Ethereal Fairy's avatar

The last thing anyone sane should want, is for their extra blastocysts to be trafficked to religious weirdos.

Melissa L Weber's avatar

Thank you Jessica for your vigilance tracking and reporting all of this information. If you ever need a GoFundMe for mental health care, please let me know. It's all so disheartening, I don't know how you do it. SO thank you, thank you.

Runfastandwin's avatar

Civil wars have begun over less. We're really in kind of a soft civil war right now, The West Coast Colorado and New England (where incidentally something like 75% of GDP resides) against pretty much every other state.

Georgellen Burnett's avatar

So, if they are going to track abortions, let's start tracking vasectomies. And let's look for "coerced" vasectomies. The problem with a lot of men is they have absolutely NO IDEA what women have to endure every day just to exist in a public space. I got the following quote from Ms: "No laws exist to control men's bodies." From a November 2024 protest sign outside the Heritage Foundation in Washington, DC.

bitchybitchybitchy's avatar

If any healthcare provider is not willing to provide medically necessary care to a patient because of their personal beliefs then they are in the wrong profession.

Karrie McCoy's avatar

Having worked in a woman’s hospital as a nurse at one point in my career, it is more often the support staff of the procedure than the physician. There are physicians who will not provide abortion care, but much more often it is the nurses, and anesthesia providers who refuse to participate in the care of the patient. Where I live, they are allowed to be conscientious objectors. I witnessed preop area nurses who would not start the IV, PACU nurses who refused to care for the patients. The reality of all these situations were abortions of medical necessity. The facility did not provide elective abortions. The women who worked there were often refusing to care for a woman whose wanted baby had defects incompatible with life. I always thought it was tragic and my co workers moral superiority complex as disheartening.

Linda's avatar

Very sad. When will we learn to live beyond good vs. evil nonsense? We should work towards making ‘conscientious objection’ illegal. It should be called ‘dishonorable disobedience’ because it is a refusal to treat based on personal and non-verifiable beliefs, which is inappropriate and harmful. It represents an abuse of medical ethics and professional obligations to patients.

Ethereal Fairy's avatar

Yes, and they should lose their license to practice.

Lesley's avatar

I would be fine if medical schools screened and rejected these folks who want to withhold care. Schools only have so many slots…
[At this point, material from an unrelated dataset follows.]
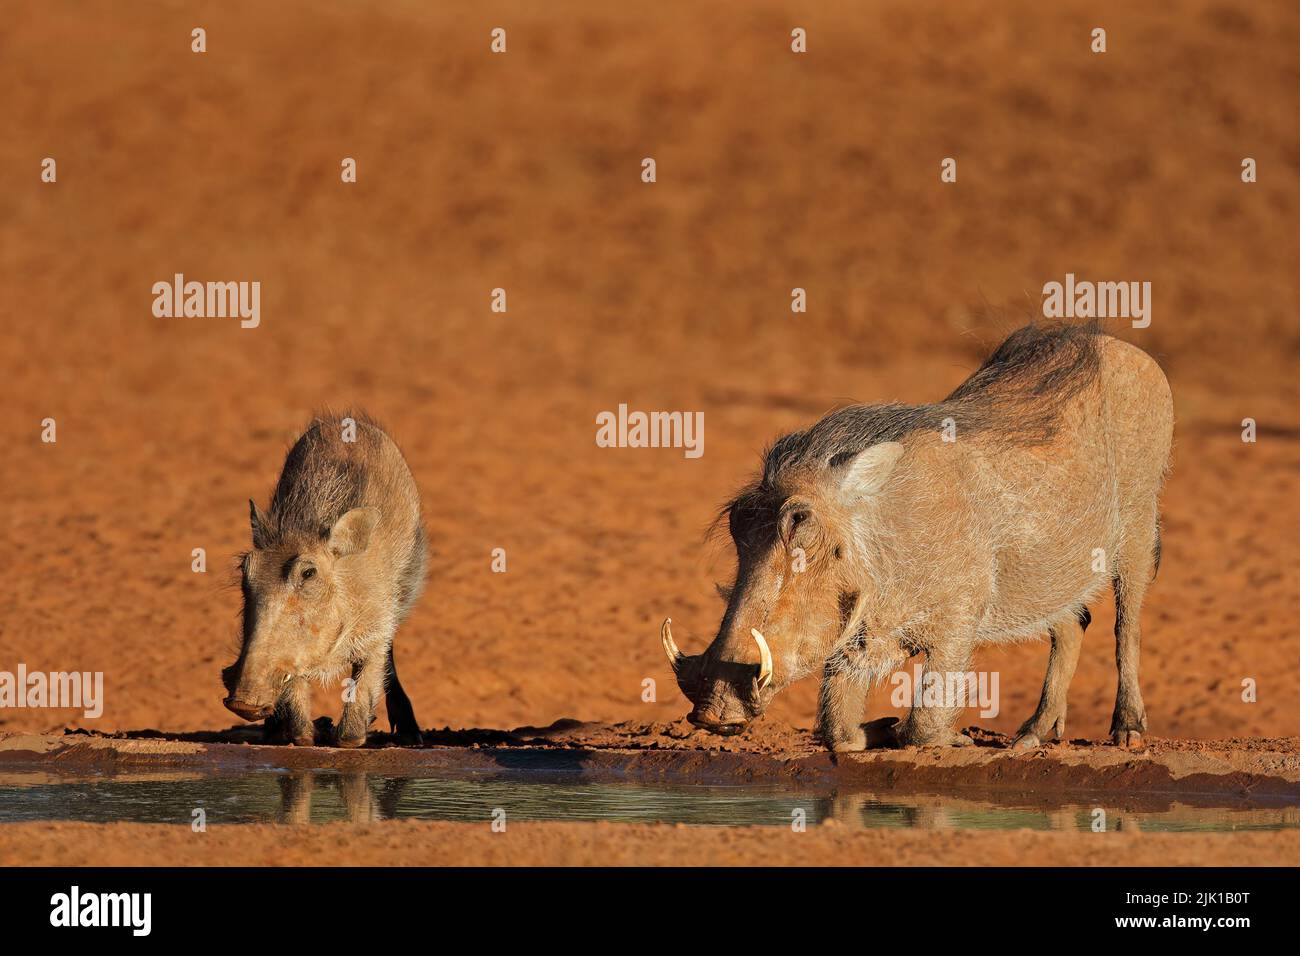 Les warthogs (Phacochoerus africanus) buvant dans un trou d'eau, en Afrique du Sud Banque D'Images

Cut out these people from the start.

Linda's avatar

Imagine if there were such doctors that refused to treat cancer patients because they believed “cancer cells” were a life worth fighting for? But no, that would be absurd! God put those cancer cells there, how dare you remove them.

Lesley's avatar

Exactly.

I’ve also wondered why I’ve never heard of a Jehovah’s Witness doctor denying anyone a blood transfusion and killing that patient.

Jane Davis's avatar

they are just a business, care has nothing to do with it :(

Ethereal Fairy's avatar

To some yes, to many of us, no. Sorry, I may not have responded to the question correctly, you mean medical schools are just a business?

Jane Davis's avatar

I meant health care center's not the schools. I probably didn't follow the comments correctly.